Shirley Girl was definitely a farm favorite! What a great mama!


So this chart helps me gauge who stays and who goes. There are two lines on here that are my gauges for who is a good producer. Reminder that the blue bars are what those ewes have already produced for me. The red is an estimate of what they have left in them if they live to be as old as Shirley - she was 11.5 and our original best producer. The yellow line shows her productivity over the course of her life on our farm. That used to be my aspirational bar. It's now my low bar. The purple line represents Persephone - one of Shirley's lambs that came along to outproduce her until she had a complete mastitis blow out and we needed to say goodbye. That's now my aspirational bar. Persephone was not quite 9.5 when we lost her, so she could have had 2 more years of production.



Don't pay too close attention to the numbers. These are all normalized and turned into a factor. The green line, just an FYI, shows their age. So they are roughly in order of age, which is why the younger ewes have more red and sometimes no blue. They don't get blue until their lamb gets processed and the weights get recorded.


Now, Persephone crossing the Shirley line was a HUGE thing for us. We never thought it was possible. And then, Margaery snuck in behind Persephone and crossed the Shirley line too. Some of these gals really have the potential to knock Persephone out of the PARK.



Meg with baby Maple in 2018


But looking this morning, I noticed that Meg and Applejack crossed the line too. Applejack is Persephone's daughter, so Shirley's Granddaughter. This is expected. I kept her hoping she would be as good or better than her heritage. Meg was a teeny surprise. She came from off farm, a Katahdin, instead of a Dorper. She's 9.5 years old this year - so a hair older than Persephone, 2 years from Shirley's max (Shirley was the oldest ewe we ever had) Meg is strong, healthy, calm, throws twins most of the time. She's an easy keeper - we can handle her with and without babies. She doesn't realize that the loss of Persephone made her the flock matriarch. She's earned it. Calm, well behaved, she sets a great example. I'm glad we got to have her in our flock.



This is Applejack and her Sister, Shutterfly, on their birthday, Jan 10, 2016 with mama Persephone


You'll also notice that she likely won't catch up to Persephone. Persephone often had triplets, that's hard to beat. So the new race is to see who catches or beats Persephone. I honestly have my dollar on Onyx. I know Ellen has the highest spike, but she's young and just had a set of triplets (feeding them all, too!) If she continues to have triplets, then that bar will stay high. Otherwise it'll temper down.

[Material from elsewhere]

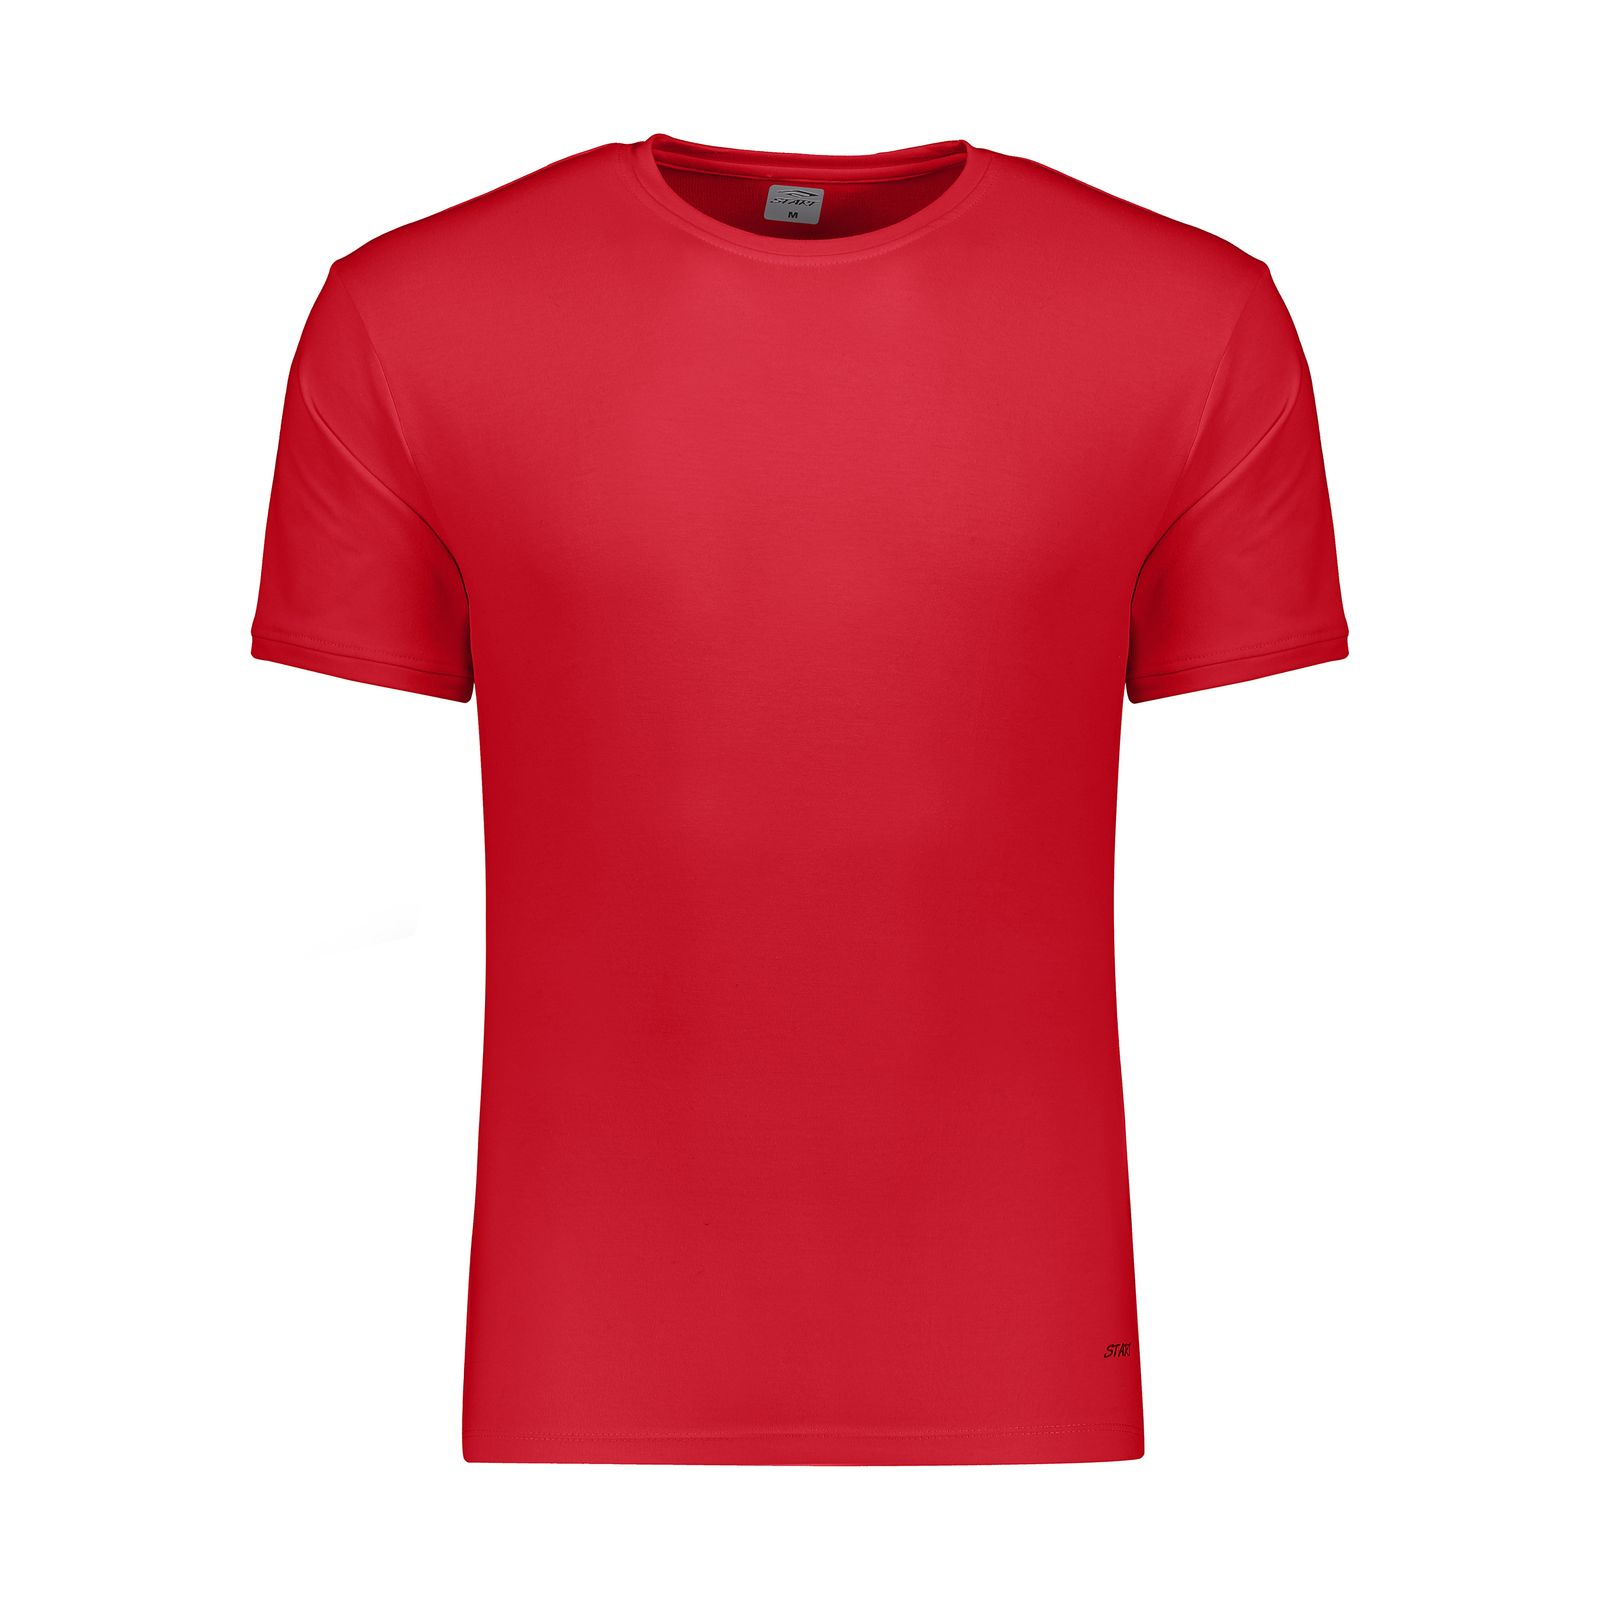 تی شرت ورزشی مردانه استارت مدل 2111194-72 -  - 1
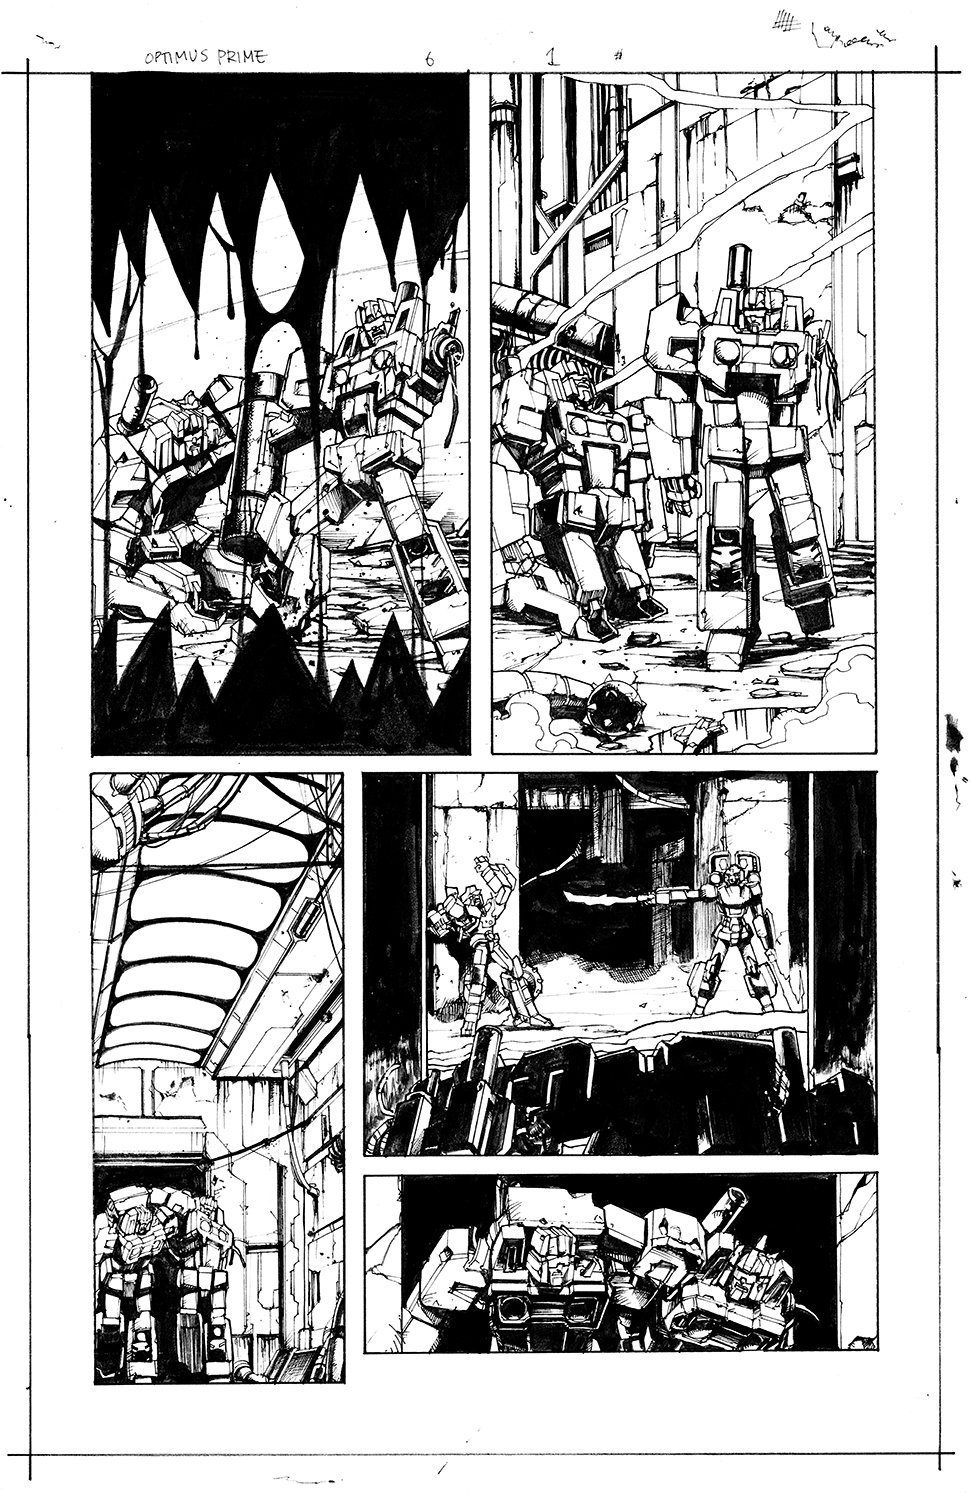 Optimus Prime #6 Page 01

The update that makes me sad? Removing ewes from my charts and graphs after they are gone. It breaks my heart. I've curated a good flock. It's not as easy as it used to be to select the cull ewes. There are 24 ewes on the ground right now. There are twice as many on the other side of the rainbow bridge. Some were harder than others to say goodbye to. So I have to focus on the hellos from the new lambs and ewes that come to the farm.